I always worry about things with a description in their name. It reminds me of Mai Po Marshes in Hong Kong, the bird reserve, sadly menaced by bird flu and threatened by the Kowloon Canton Railway expansion. I went when I was younger and left with an enormous sense of disillusionment. The Green Spotted something was brown. The purple streaked whatever - brown. The Turquoise and Ruby blah blah - well, you get the picture.
But the Leaning Tower - it really leans!

From my first glimpse at lunchtime to my last at sunset, the Tower is beautiful. Somehow I expected it to be taller (does that make me a complete philistine?) the stone grabs the light, and, for camera enthusiasts like me, it is a delight.
I took about 100 photos (new camera disease) so there is a small selection here.

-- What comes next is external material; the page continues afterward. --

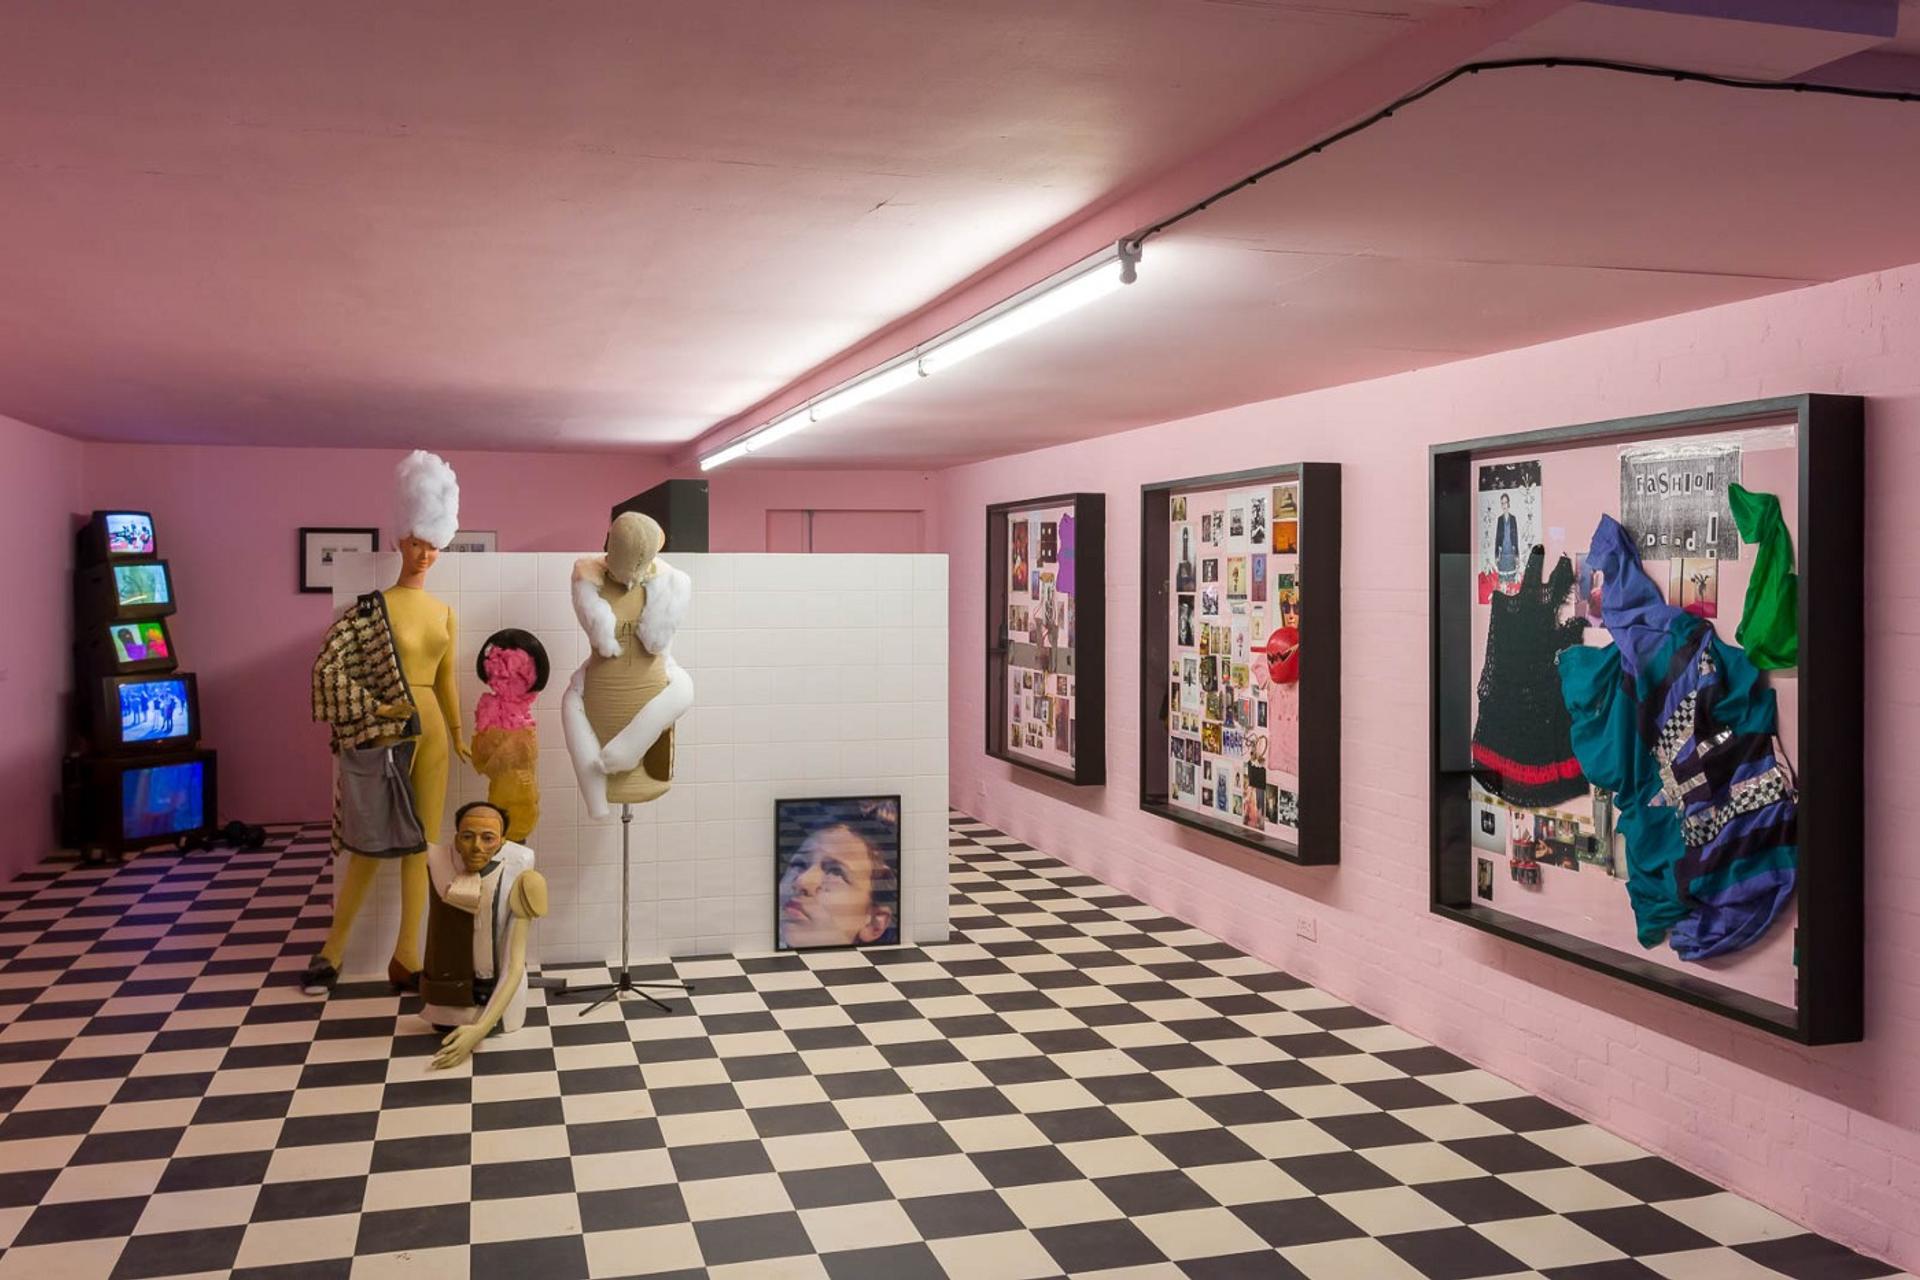 Honey-Suckle Company installation view, highlighting the ICA's divine floor tiles and pink walls.

For the real enthusiast (Mum and Dad? And maybe Lucy?) the rest are on my Picassa site here )
If only there were slightly fewer people to get in the way....

For the record, as I was on my own, I did not take the cheesy but almost obligatory holding-up-the-Leaning-Tower shot. Nor did I actually climb the thing. As a) I figure its leaning enough anyway, and it seems a shame to contribute and b) having climbed many monuments in the past, you get up there after close to 300 steps, look down, and think, in Italian terms - "E', Allora?" (And so?....) So all 100 something pics (I had time to kill!) are from ground level!

The loneliness of the (almost) long-distance runner


Today was the Florence Marathon. The 42 kilometres involved means that runners complete a figure of 8 through the city - from Piazzale Michaelangelo at the start, round the Cascine park, a few times along the Lungarno (both sides of the river) before ending up at the Piazza Santa Croce for the big finish.
The half-way point of the marathon is here at Campo di Marte - near to the residence - and the Florentine football stadium. So after a much needed cappucino over the road (thanks to the church bells at 8 and my neighbour upstairs who donned her stilettos at around 7.05am I didn't get my planned lie-in) I went out to see the race pass by.
I missed the Kenyans - too fast for me - for everyone I think! - but I was in time to see the leading lady of the marathon run past.
Better still she was a red-headed Italian with the marathon number F1 (I guess female 1, but it might have been a speed reference!)
I later saw her cross the line at Santa Croce.
But not much later it has to be said - she ran the entire 42 kilometres in just over 2 and a half hours - wow! I saw her on the news before I left the house, she said her father had died, so she thinks of him the whole way through every race, and the time just passes by with the kilometres. Truly amazing.

I couldn't help but feel sorry for the guy from Cardiff that I met near Campo di Marte station. From Cardiff, he had come here especially for the race, aiming for a time of 2 hours 30, he had dropped out at the 13 kilometre mark, unable to carry on. It's a problem with the marathon here that the first 3 kilometres are downhill, so sometimes people get the pace wrong at the beginning. (Thanks to Lucia's hubby, Mario, taking part in his first marathon today, for the explanation). The Cardiff guy told me that he came especially for the race - I felt terrible for him - he looked like he was going to cry....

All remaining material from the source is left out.